Markov Chains and Stochastic Stability
Author :
Publisher : Cambridge University Press
Total Pages : 623
Release :
ISBN-10 : 9780521731829
ISBN-13 : 0521731828
Rating : 4/5 (29 Downloads)

Synopsis Markov Chains and Stochastic Stability by : Sean Meyn

New up-to-date edition of this influential classic on Markov chains in general state spaces. Proofs are rigorous and concise, the range of applications is broad and knowledgeable, and key ideas are accessible to practitioners with limited mathematical background. New commentary by Sean Meyn, including updated references, reflects developments since 1996.
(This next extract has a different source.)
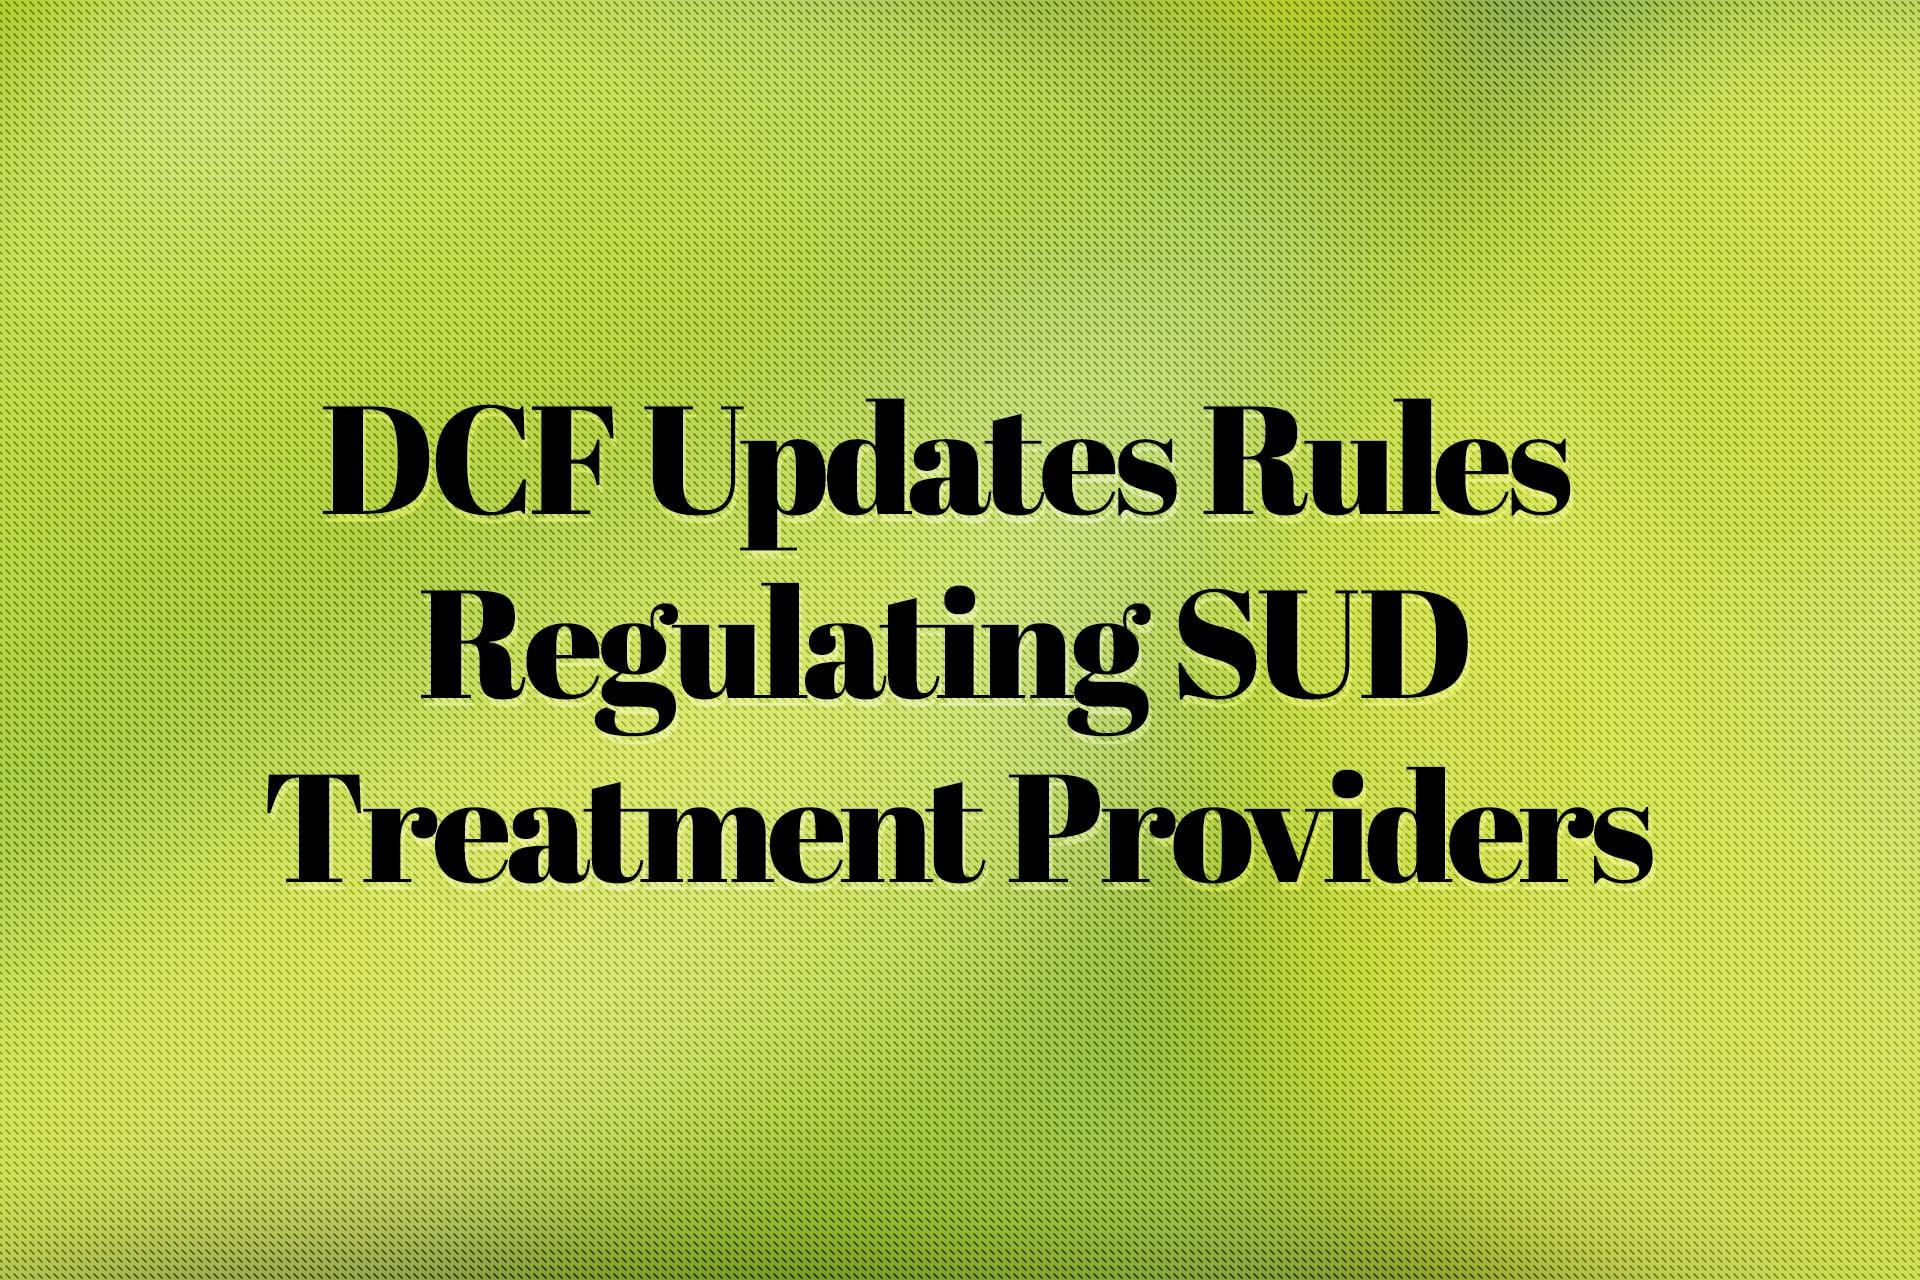 DCF Updates Rules Regulating SUD Treatment Providers
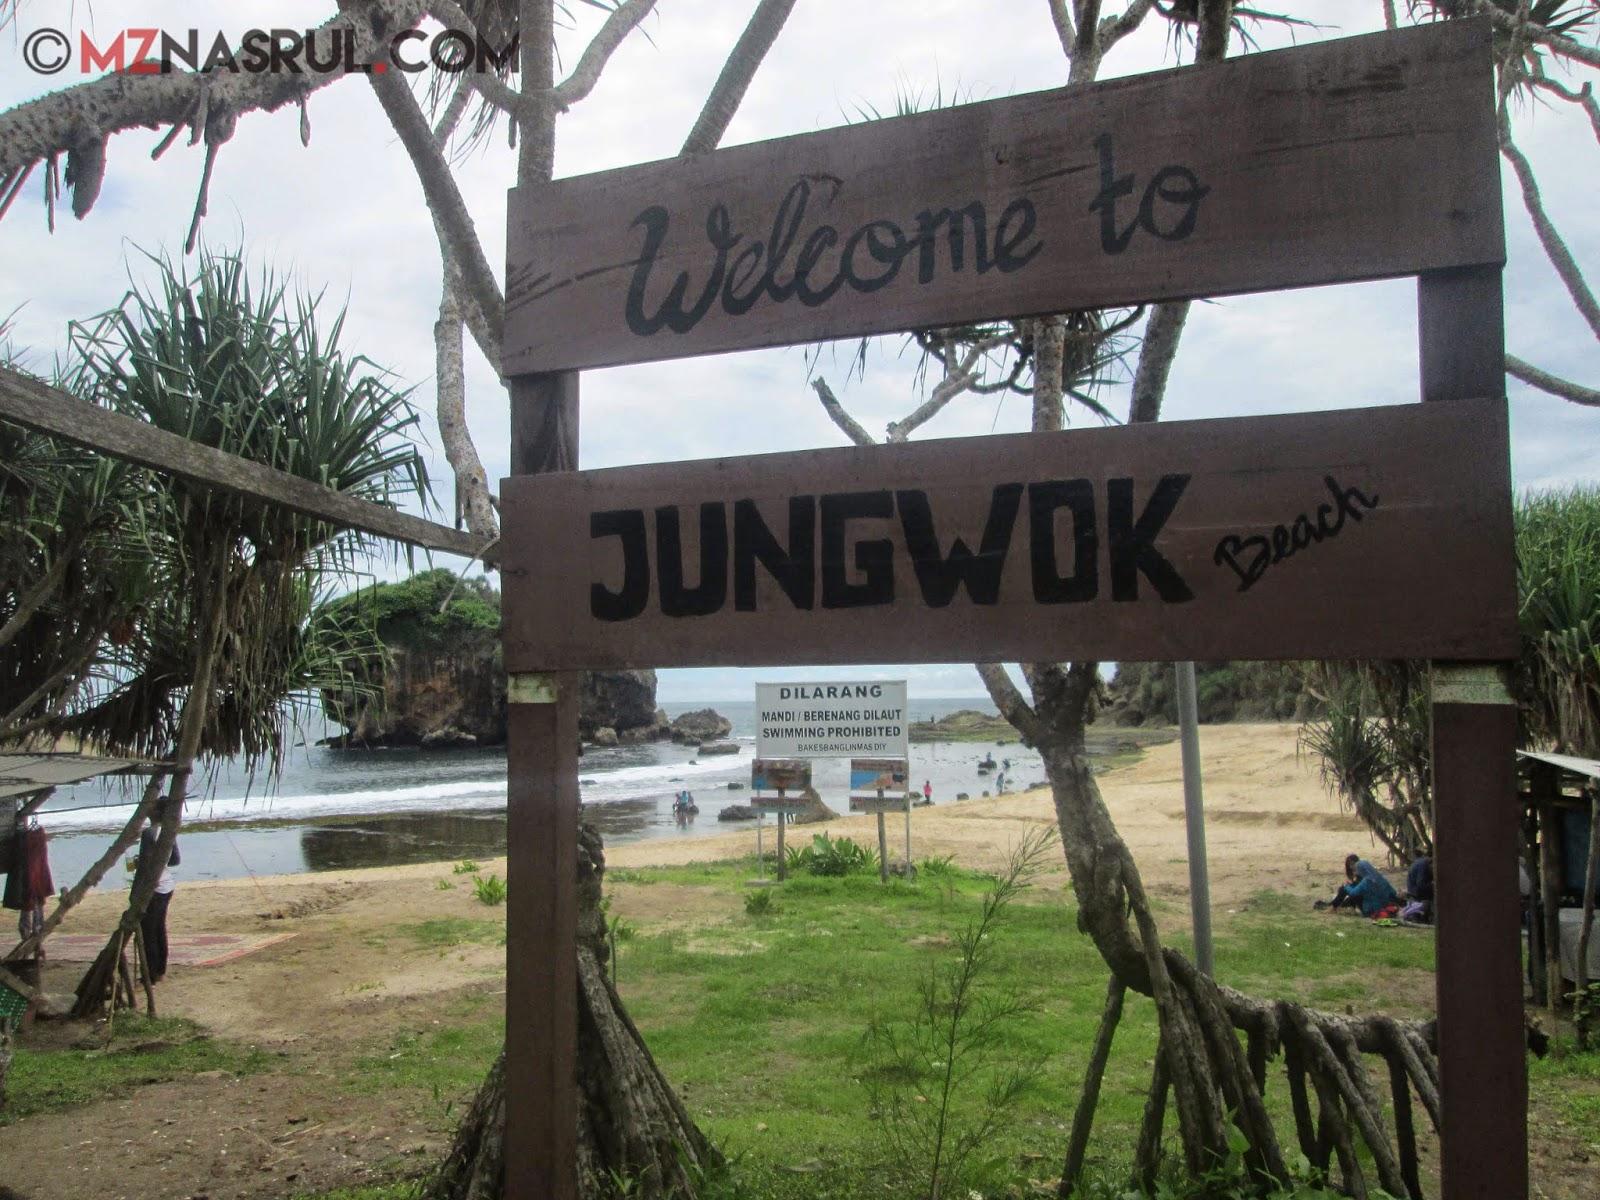 Pantai jungwok wonosari

Non-negative Matrices and Markov Chains

Non-negative Matrices and Markov Chains
Author :
Publisher : Springer Science & Business Media
Total Pages : 295
Release :
ISBN-10 : 9780387327921
ISBN-13 : 0387327924
Rating : 4/5 (21 Downloads)

Synopsis Non-negative Matrices and Markov Chains by : E. Seneta

Since its inception by Perron and Frobenius, the theory of non-negative matrices has developed enormously and is now being used and extended in applied fields of study as diverse as probability theory, numerical analysis, demography, mathematical economics, and dynamic programming, while its development is still proceeding rapidly as a branch of pure mathematics in its own right. While there are books which cover this or that aspect of the theory, it is nevertheless not uncommon for workers in one or another branch of its development to be unaware of what is known in other branches, even though there is often formal overlap. One of the purposes of this book is to relate several aspects of the theory, insofar as this is possible. The author hopes that the book will be useful to mathematicians; but in particular to the workers in applied fields, so the mathematics has been kept as simple as could be managed. The mathematical requisites for reading it are: some knowledge of real-variable theory, and matrix theory; and a little knowledge of complex-variable; the emphasis is on real-variable methods. (There is only one part of the book, the second part of 55.5, which is of rather specialist interest, and requires deeper knowledge.) Appendices provide brief expositions of those areas of mathematics needed which may be less g- erally known to the average reader.